Output the full listing below exactly as it reads, and skip anything that is a picture.

:: Given information ::

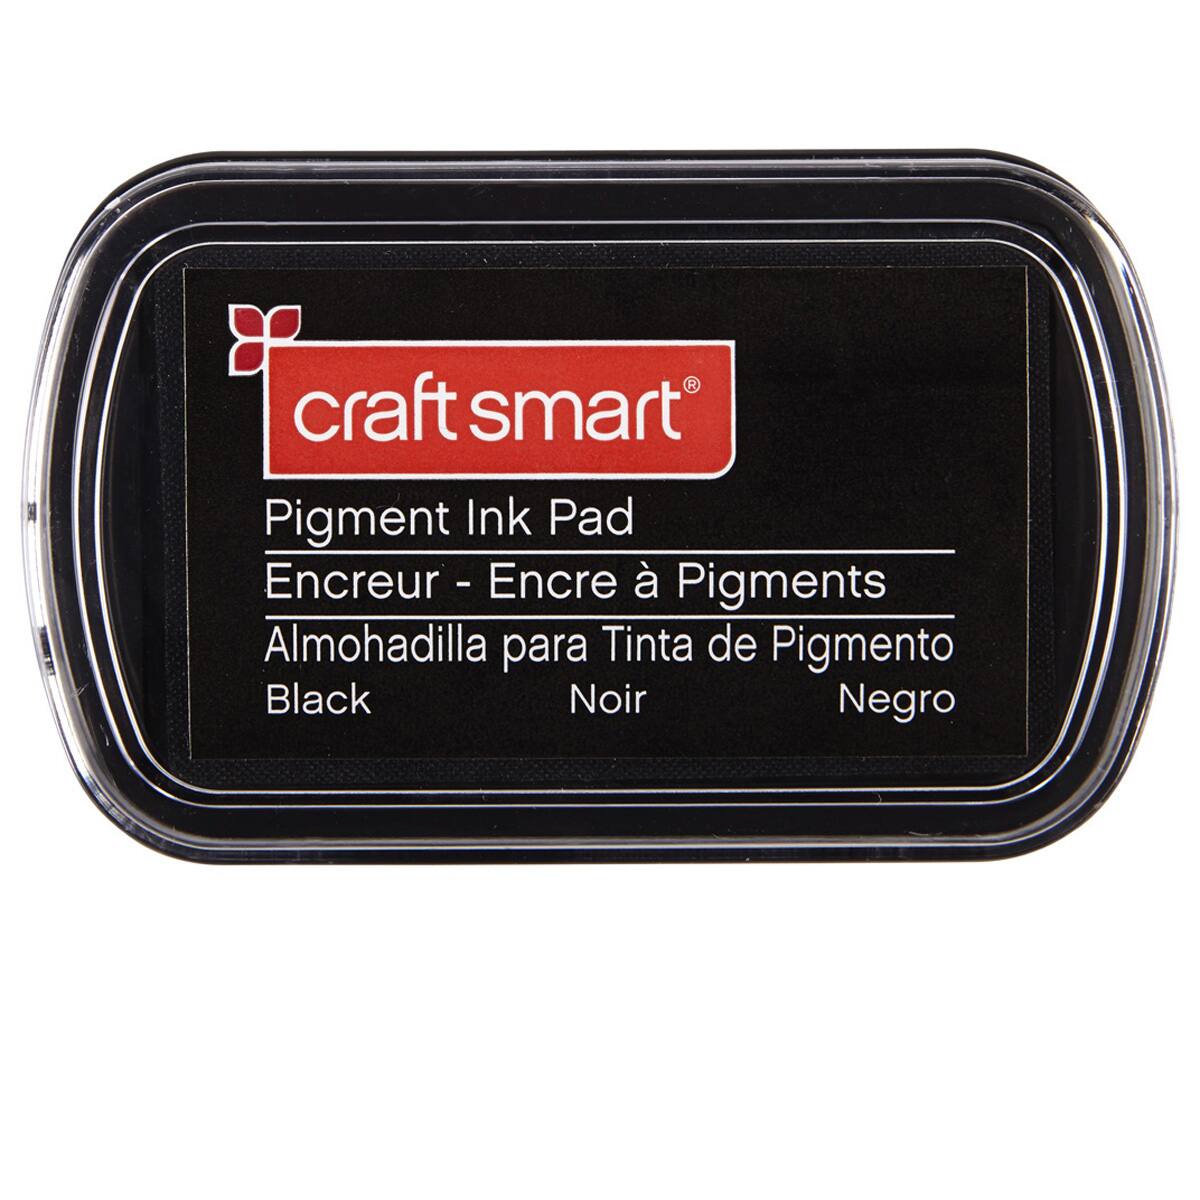 Pigment Ink Pad by Craft Smart®
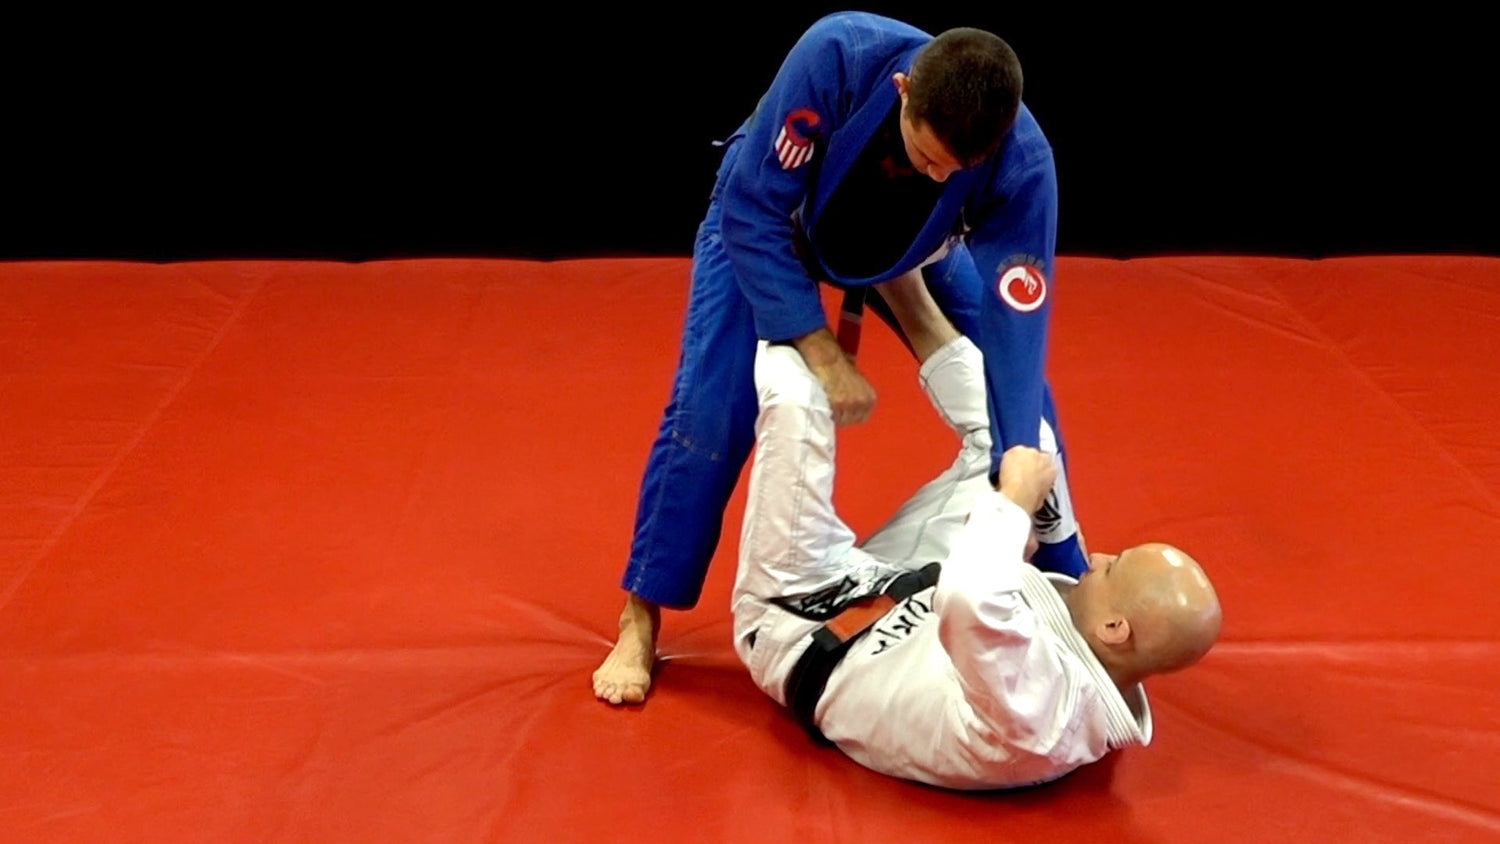 Cross Grip Guard & the Old Man Sweep with Marcelo Cohen (On Demand) - Budovideos Inc
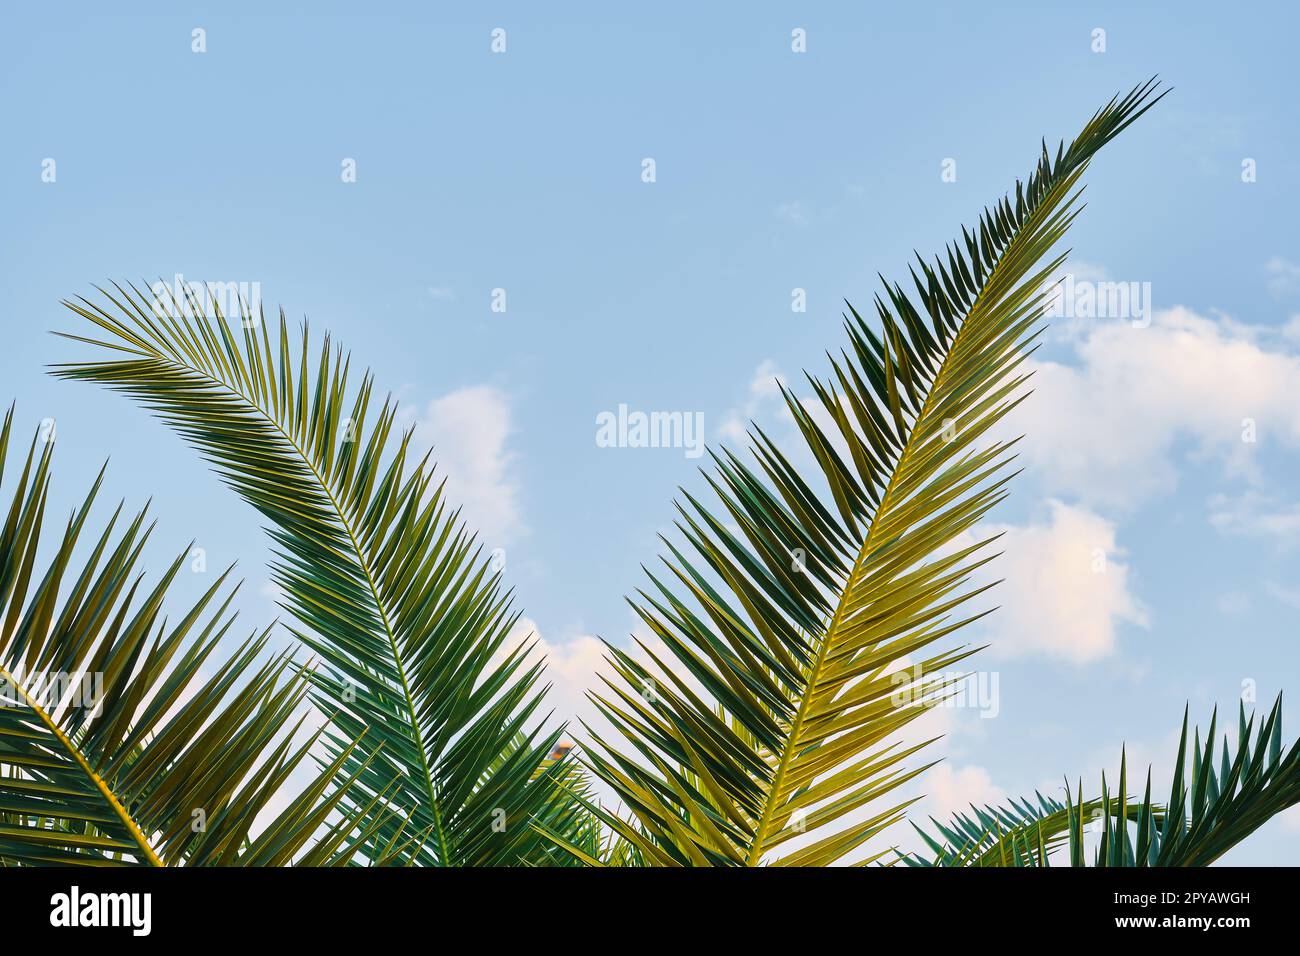 Palm leaves close-up against the background of blue sky, screensavers ...

:::

■ Exercise output
 Pigment Ink Pad by Craft Smart®
 Cross Grip Guard & the Old Man Sweep with Marcelo Cohen (On Demand) - Budovideos Inc
 Palm leaves close-up against the background of blue sky, screensavers ...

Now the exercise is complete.